» **WHAT NEEDS TO BE DONE**
Print the whole listing below exactly as given, pictures excluded.

» **INFORMATION PROVIDED**
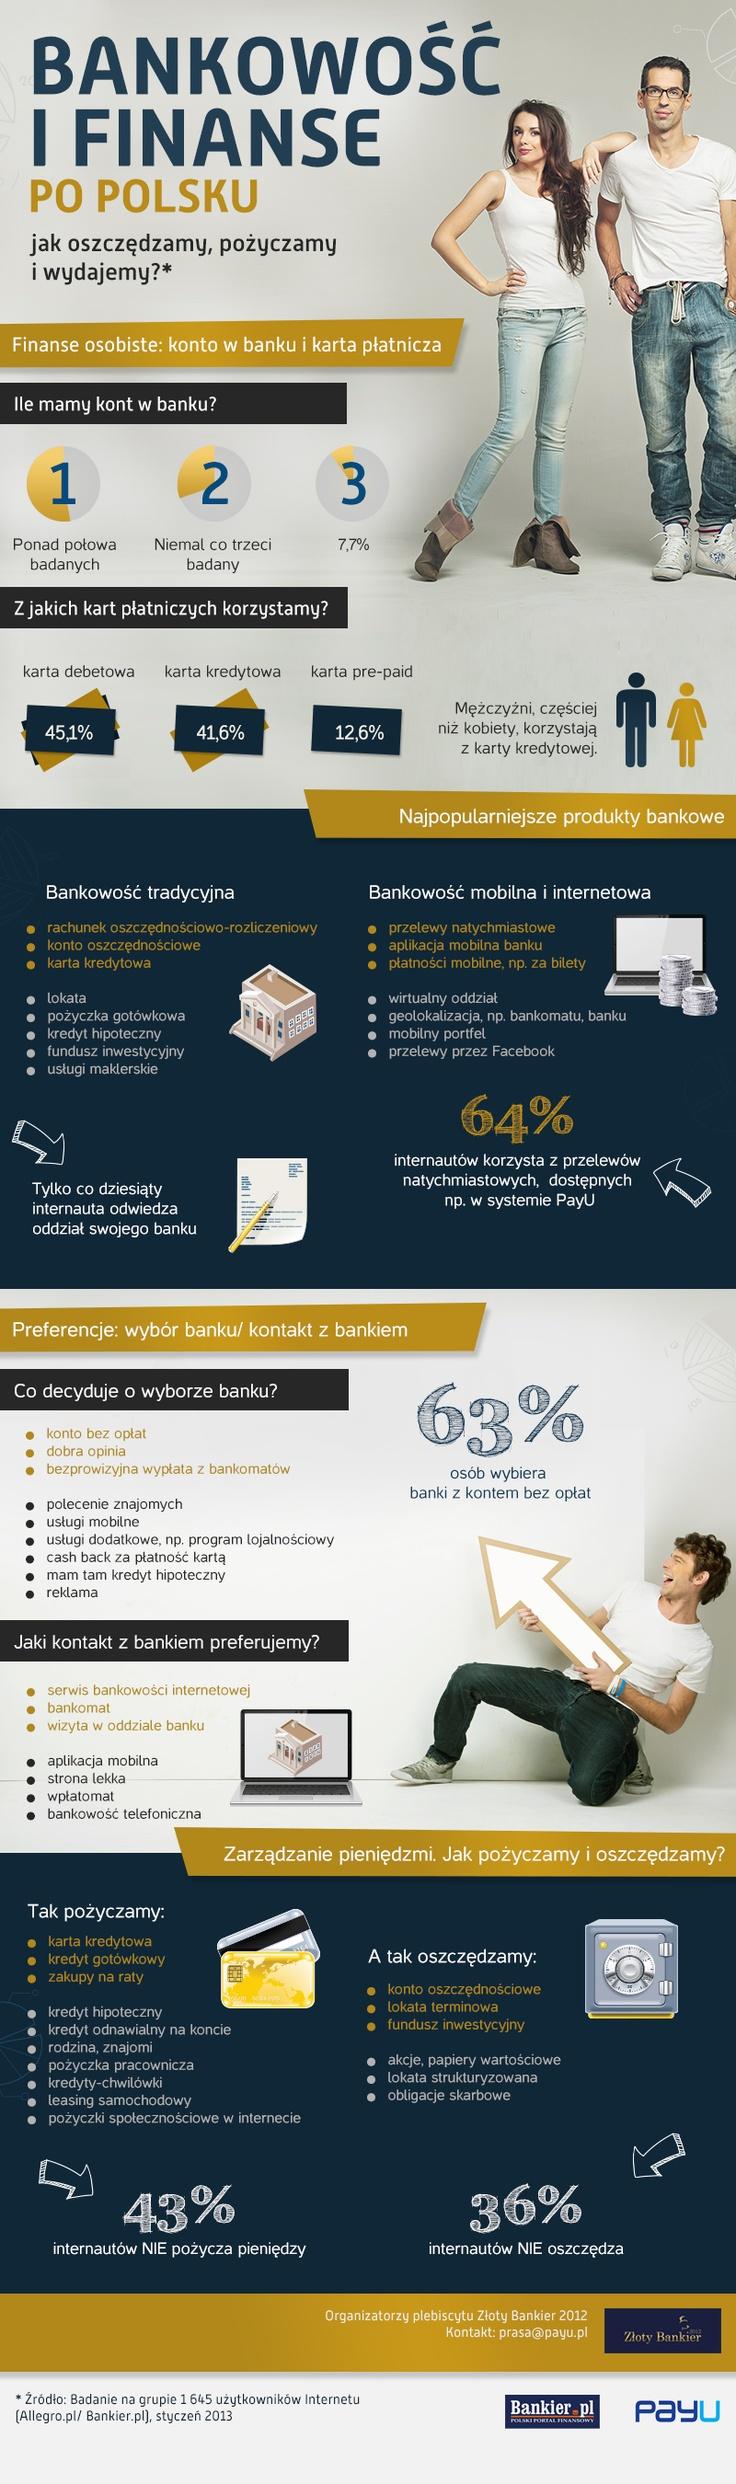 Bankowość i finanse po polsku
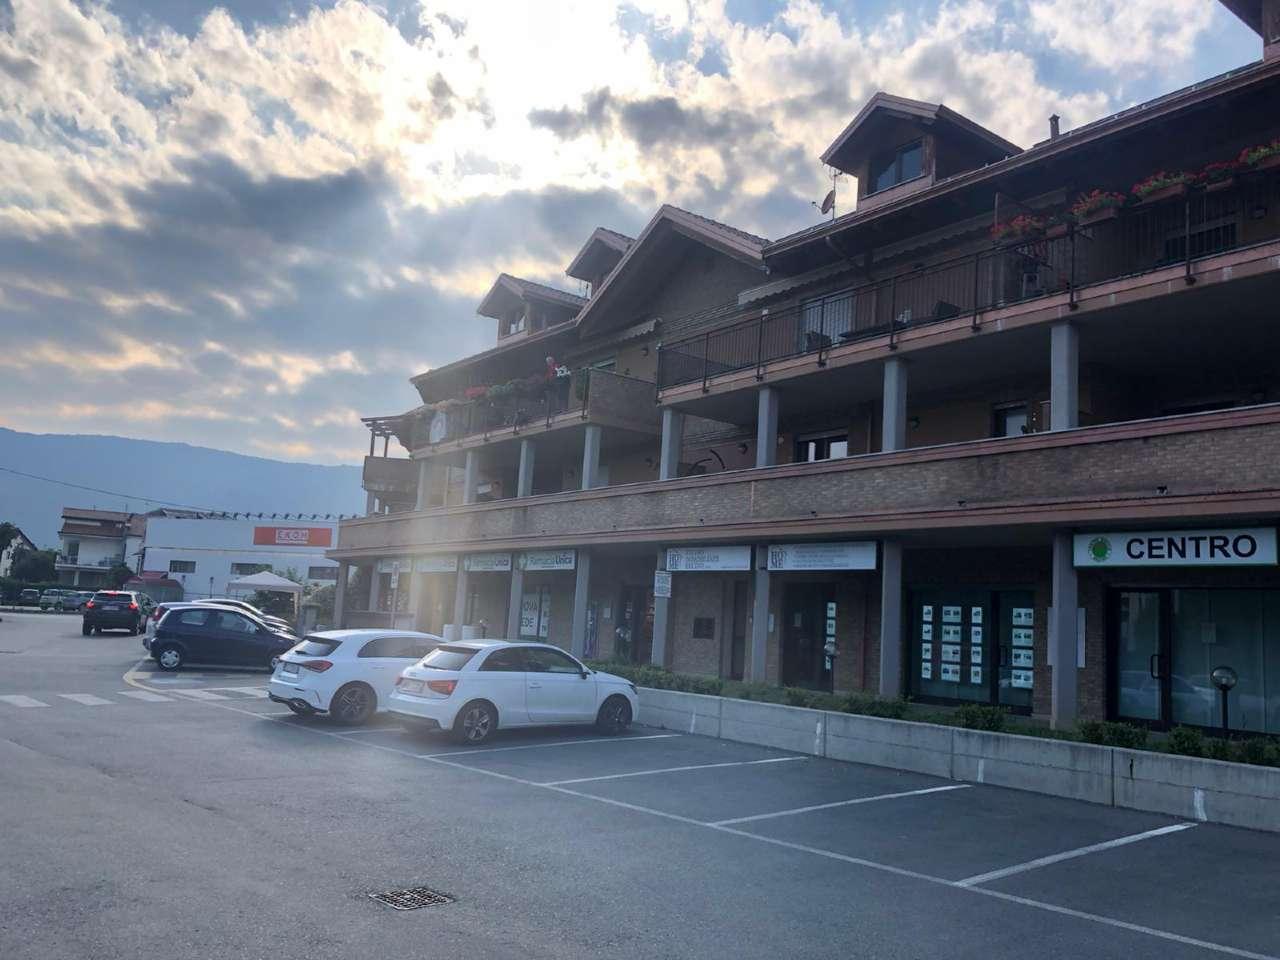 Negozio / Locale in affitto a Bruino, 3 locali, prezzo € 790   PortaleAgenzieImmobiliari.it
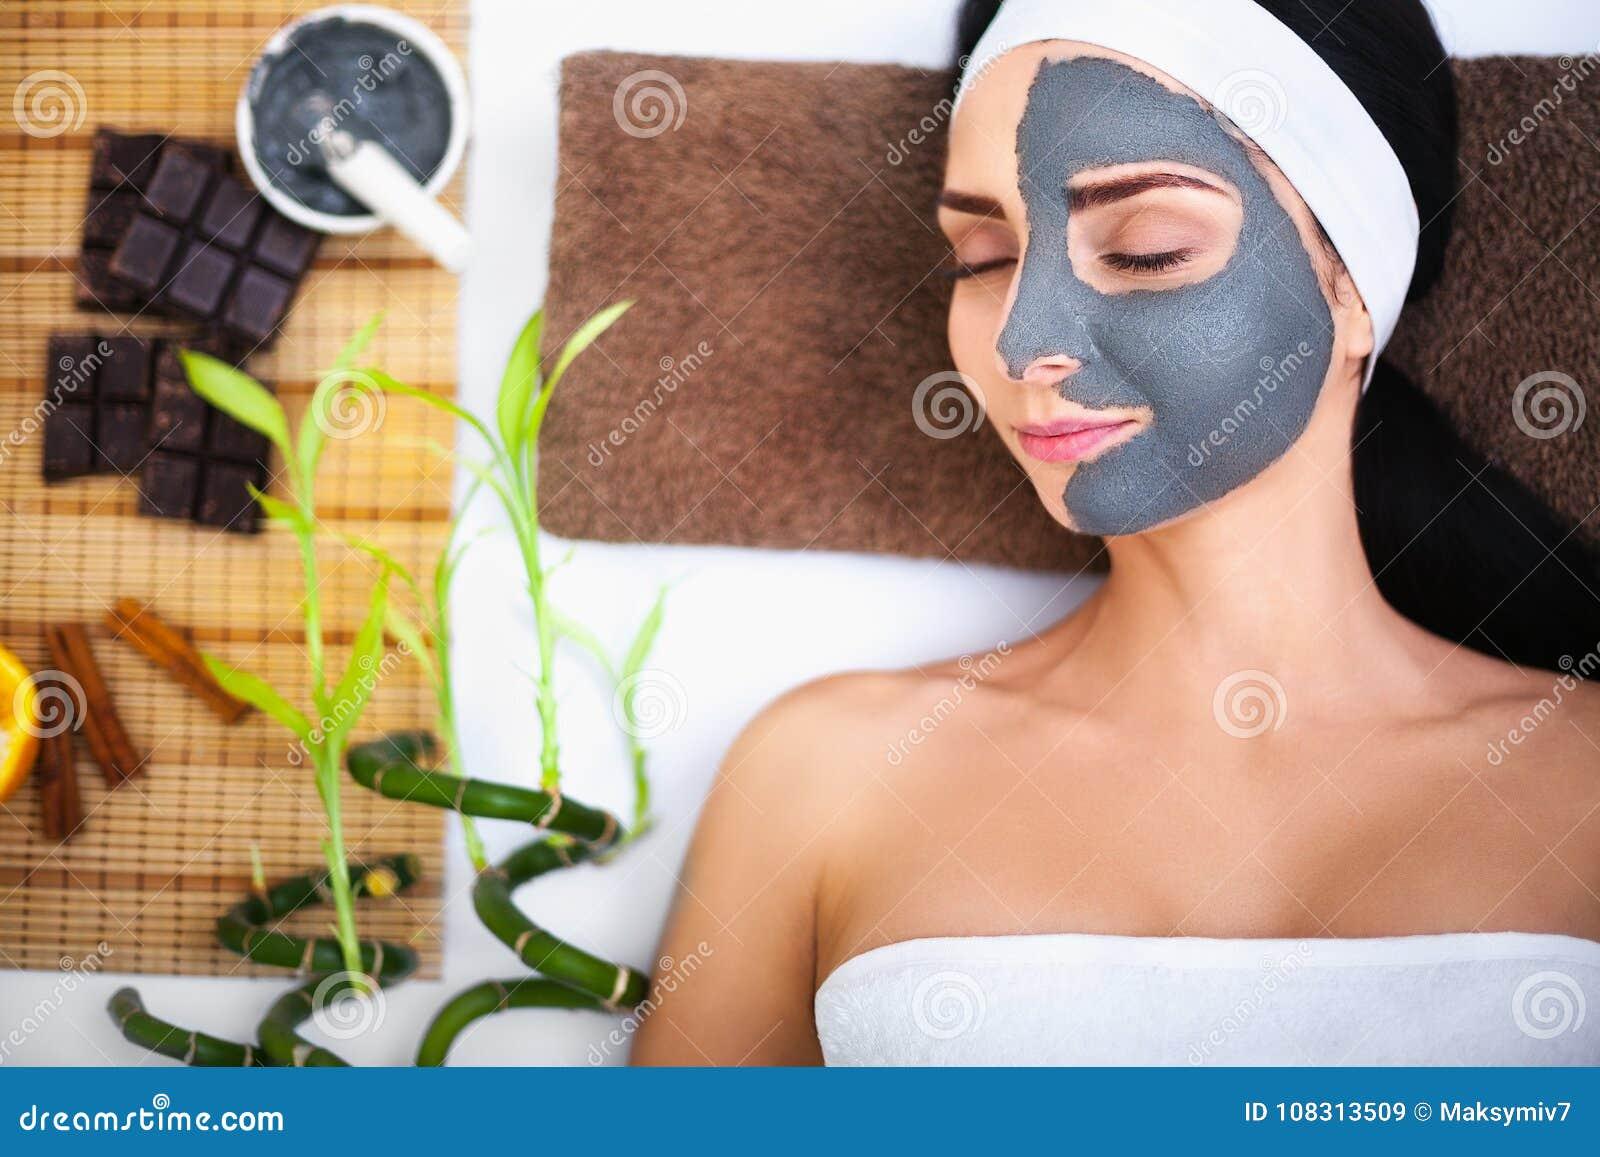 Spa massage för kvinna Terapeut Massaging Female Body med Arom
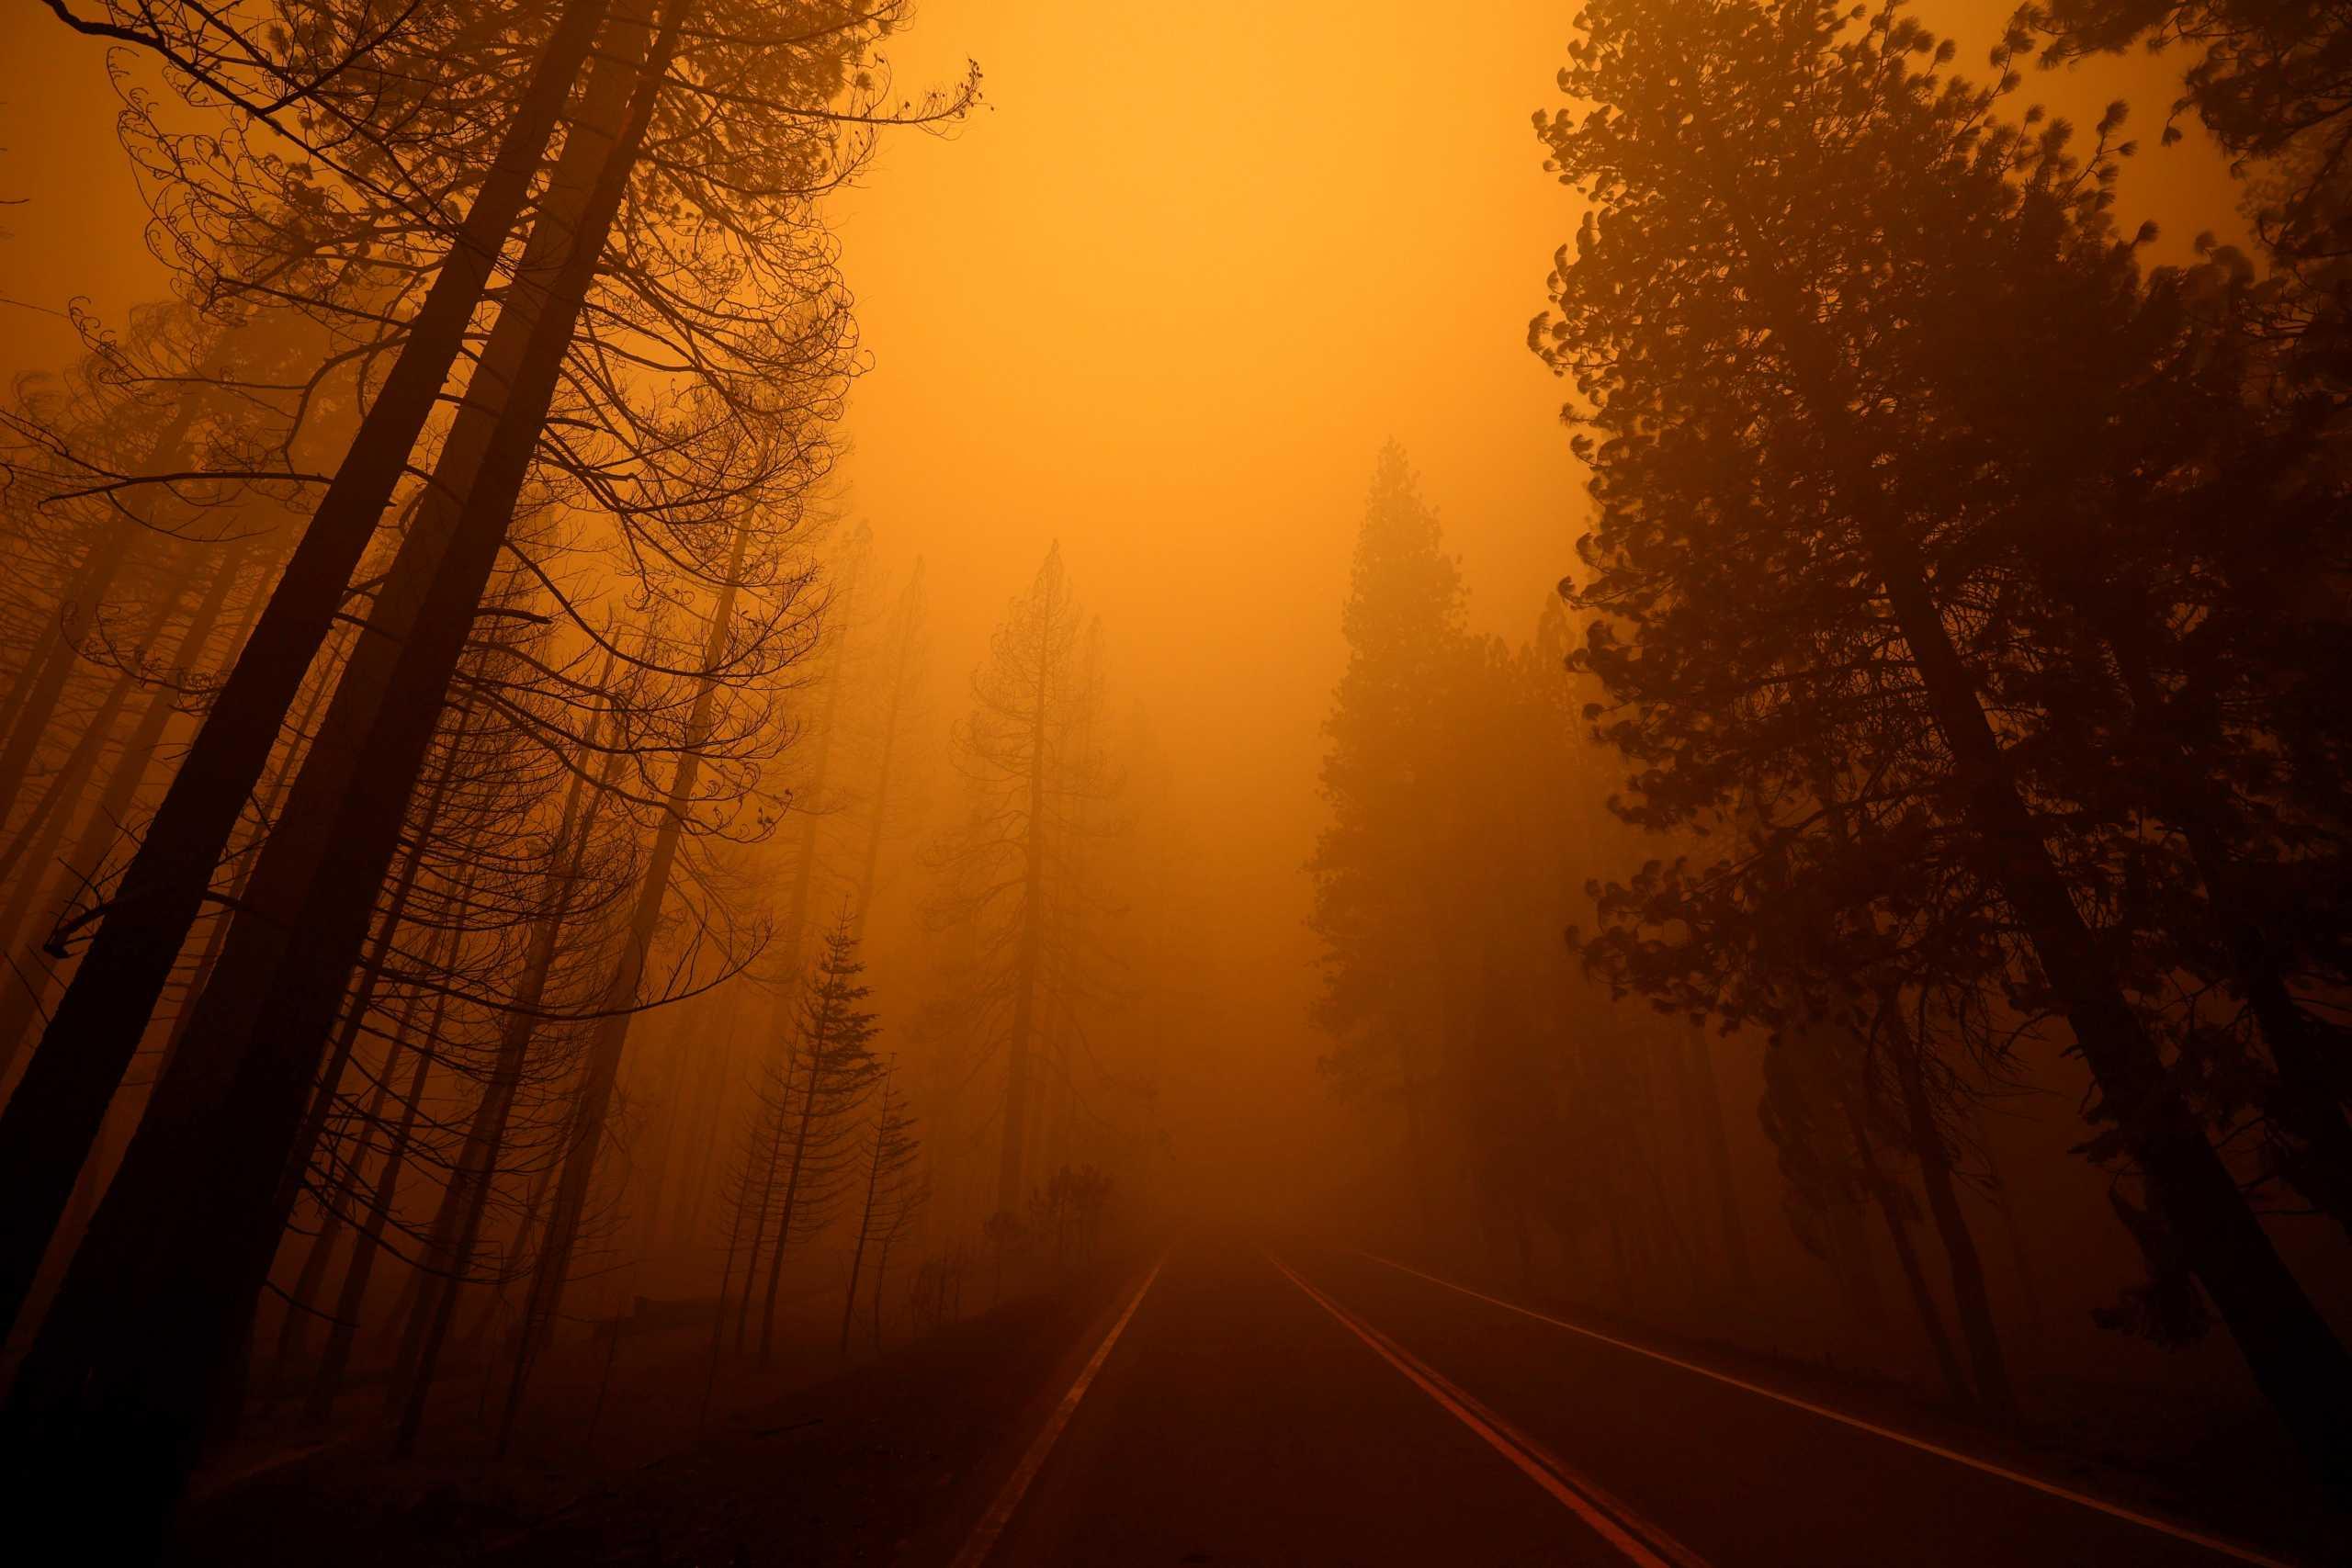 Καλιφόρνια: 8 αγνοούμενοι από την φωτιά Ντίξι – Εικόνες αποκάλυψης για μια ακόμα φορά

» **EXERCISE RESPONSE**
 Bankowość i finanse po polsku
 Negozio / Locale in affitto a Bruino, 3 locali, prezzo € 790   PortaleAgenzieImmobiliari.it
 Spa massage för kvinna Terapeut Massaging Female Body med Arom
 Καλιφόρνια: 8 αγνοούμενοι από την φωτιά Ντίξι – Εικόνες αποκάλυψης για μια ακόμα φορά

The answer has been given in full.